11. The apparatus of claim 10, further comprising a computational system to analyze the numerical information in accordance with a predetermined set of instructions for specific features of the electronic device.

12. The apparatus of claim 10 wherein the direct conversion detector comprises an X-ray conversion layer for converting the X-rays absorbed in the layer to an electrical charge signal having an intensity that is related to the intensity of the transmitted X-rays.

13. A method of inspecting structural features of selected portions of an electronic device, comprising the steps of:

supporting the electronic device by a multi-axis positioning means adjustable for optimum exposure of the electronic device to a source beam of X-rays;

exposing the device being inspected to a beam of X-rays having sufficient energy to penetrate the device; and

detecting, by means of at least one direct conversion X-ray detector, X-rays transmitted through the electronic device, to form an electronic coded signal representative of the detected X-rays.

14. The method of claim 13, further comprising the steps of:

analyzing the electronic coded signal in accordance with a predetermined set of instructions so as to measure specific features of the electronic device and comparing the analyzed signal to a library.
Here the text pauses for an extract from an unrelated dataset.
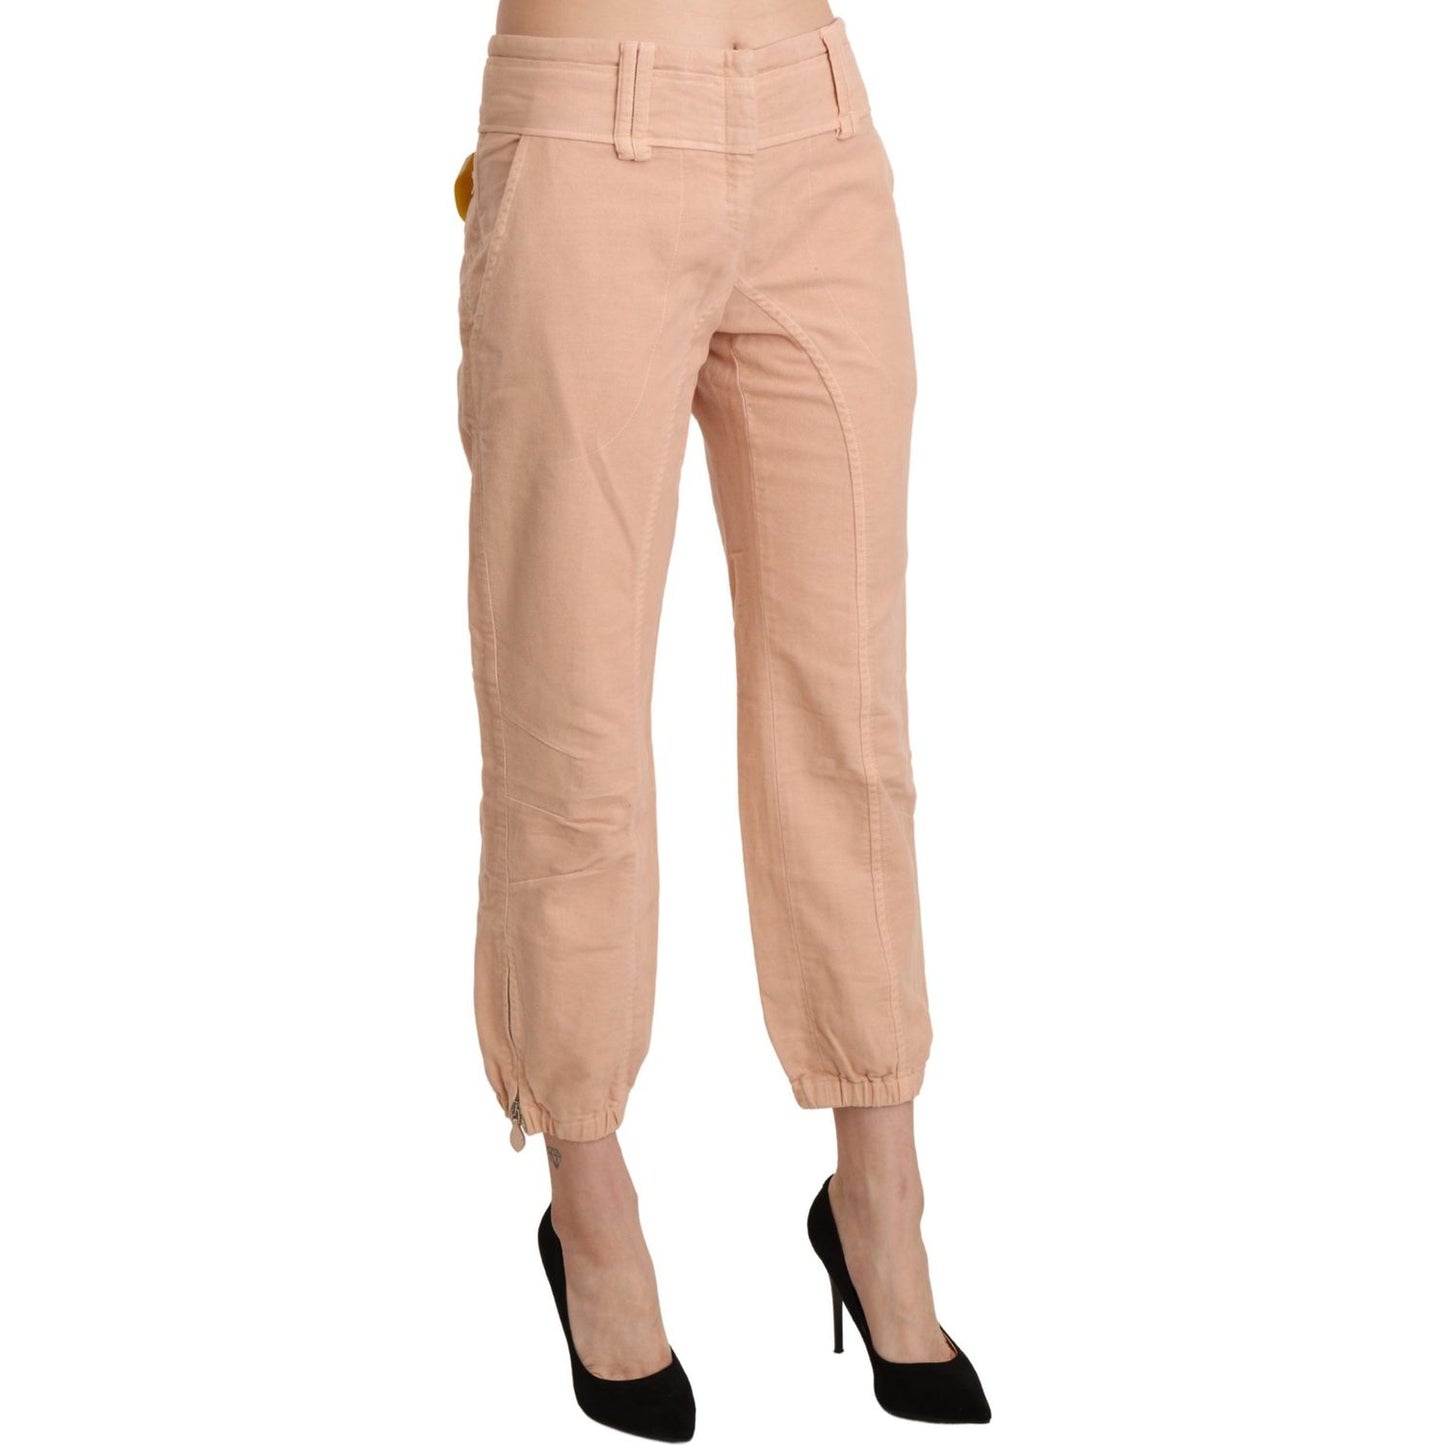 Ermanno Scervino Chic Beige Cropped Cotton Pants beige-mid-waist-cropped-cotton-trouser-pants Jeans & Pants IMG_1267-scaled-07595088-9d2.jpg

15. The method of claim 13, wherein the direct conversion detector comprises an X-ray conversion layer for converting the X-rays absorbed in the layer to an electrical charge signal having an intensity that is related to the intensity of the transmitted X-rays.

16. The method of claim 13, wherein the direct conversion detector comprises a semiconductor mated to an electronic circuit.

17. The method of claim 16, wherein the semiconductor is a sawn and polished bulk semiconductor or a deposited thin film semiconductor.

18. The method of claim 16, wherein the electronics circuit is an MOS integrated circuit or a thin-film transistor based flat panel circuit.

19. The method of claim 13, wherein the electronic coded signal represents the radiographic density of at least portions of the electronic device.